> _Aim of the exercise_
All of the listing below must be repeated word for word. Pictures are the only thing to omit.

> _Given material_
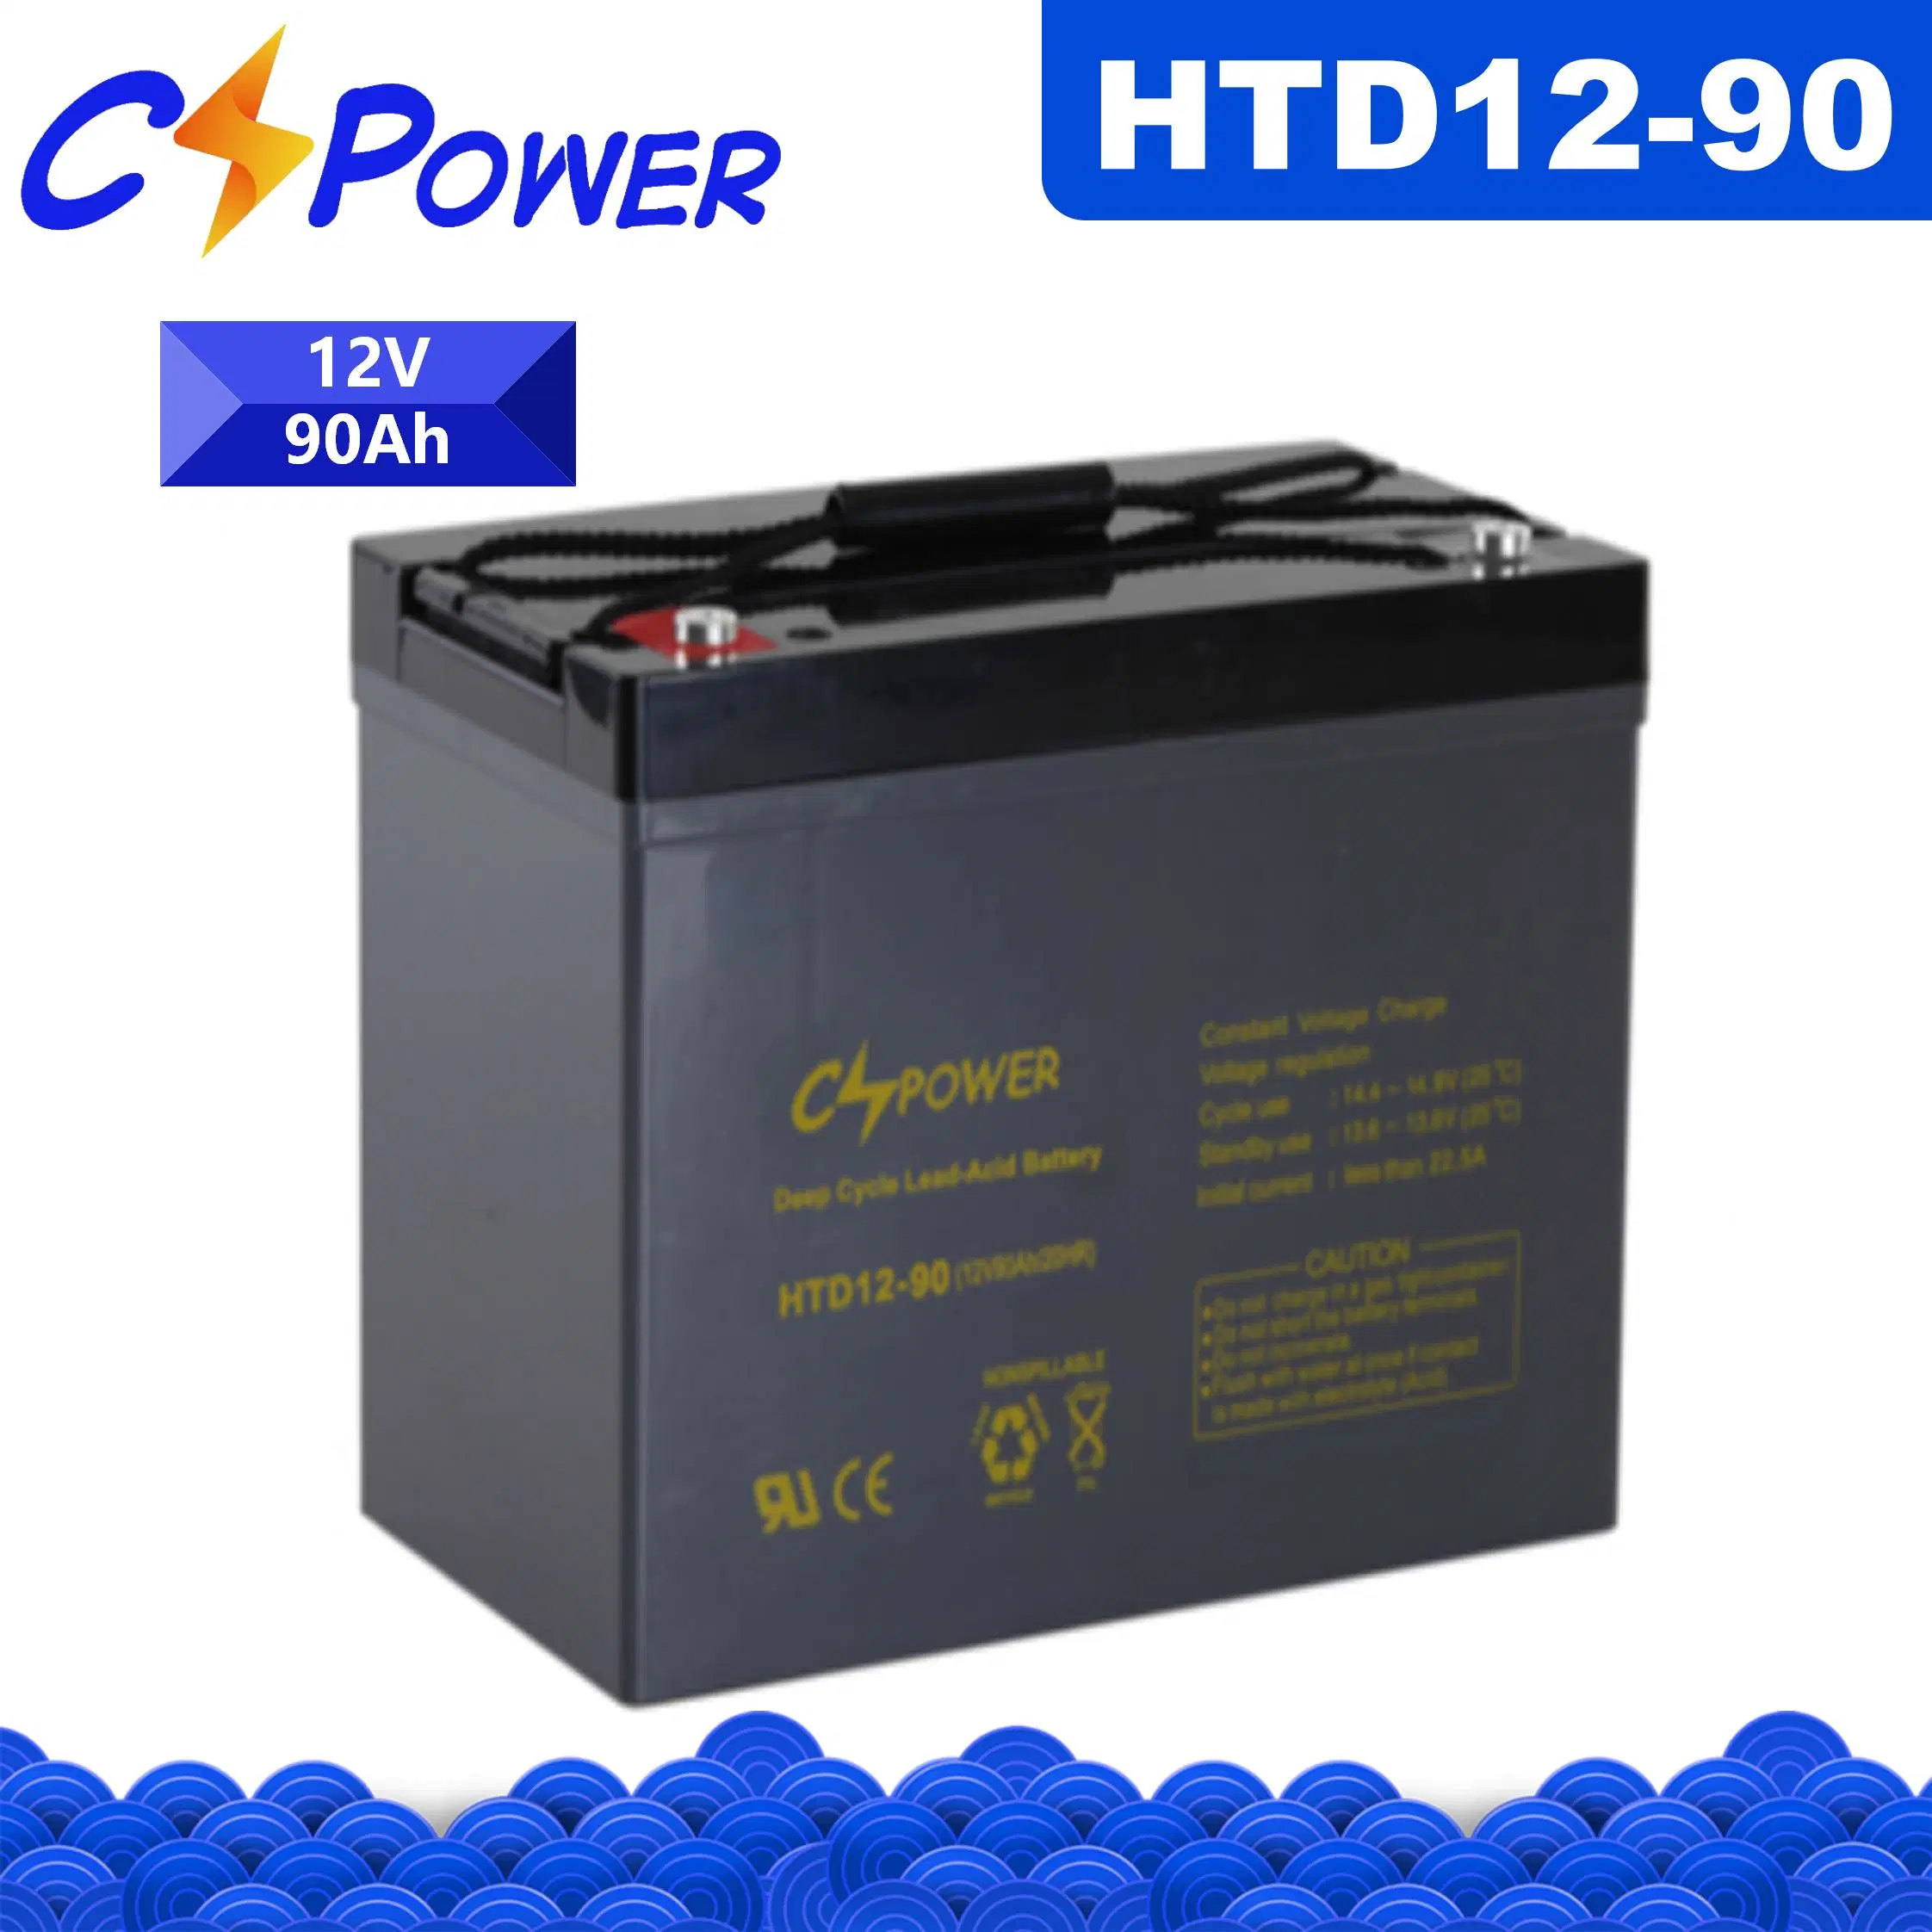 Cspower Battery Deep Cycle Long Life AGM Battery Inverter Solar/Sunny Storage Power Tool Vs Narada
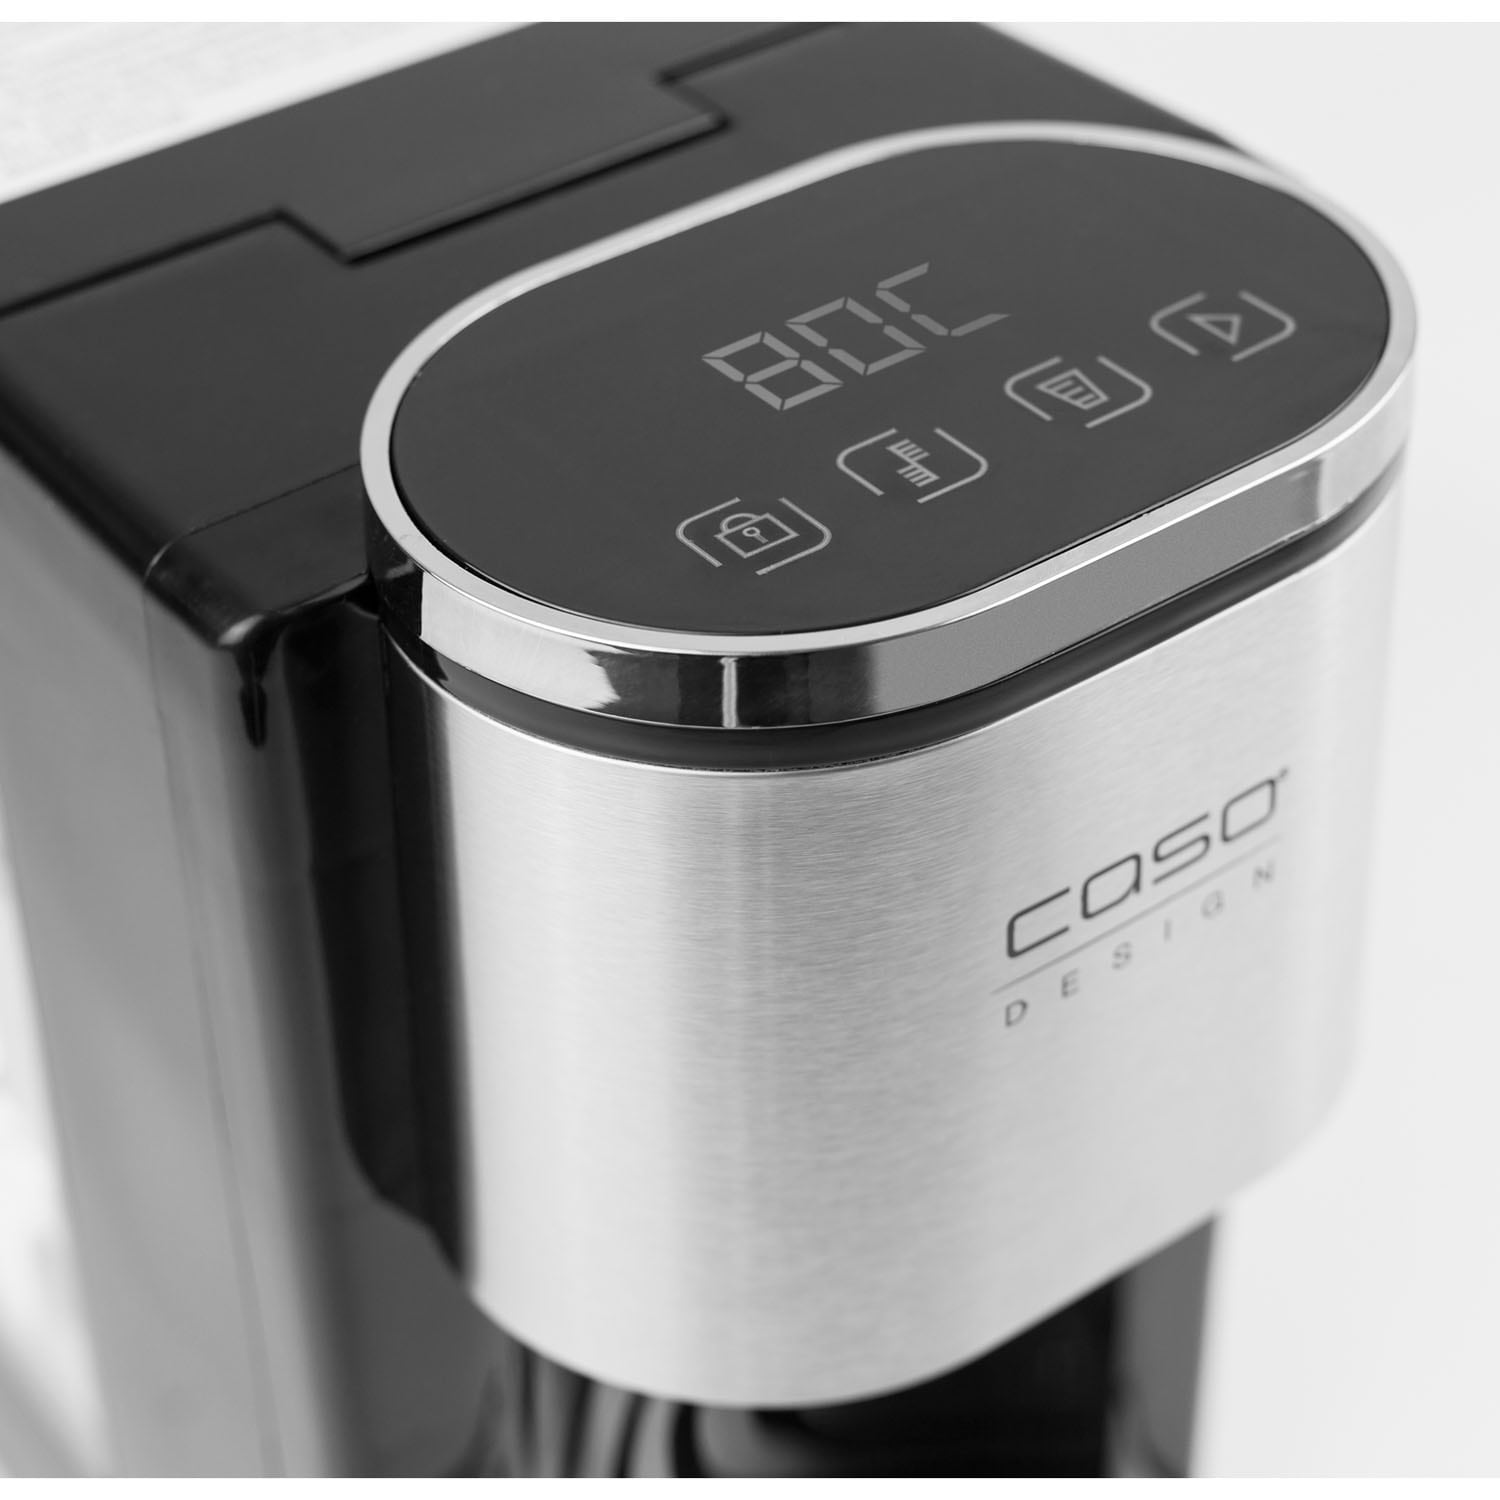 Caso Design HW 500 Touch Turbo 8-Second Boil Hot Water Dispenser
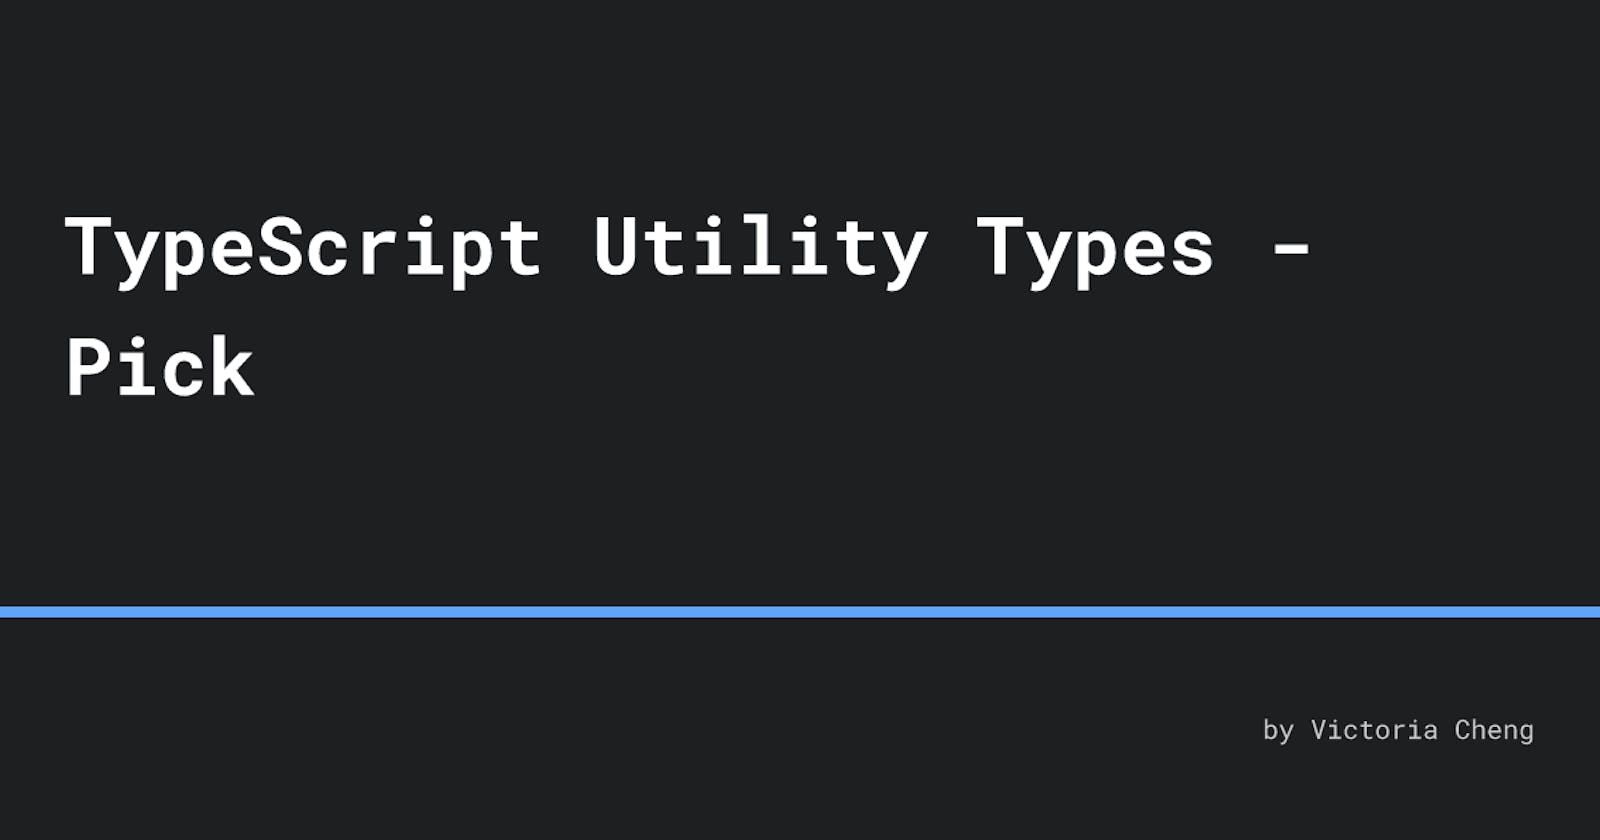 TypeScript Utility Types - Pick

> _Expected answer_
 Cspower Battery Deep Cycle Long Life AGM Battery Inverter Solar/Sunny Storage Power Tool Vs Narada
 Caso Design HW 500 Touch Turbo 8-Second Boil Hot Water Dispenser
 TypeScript Utility Types - Pick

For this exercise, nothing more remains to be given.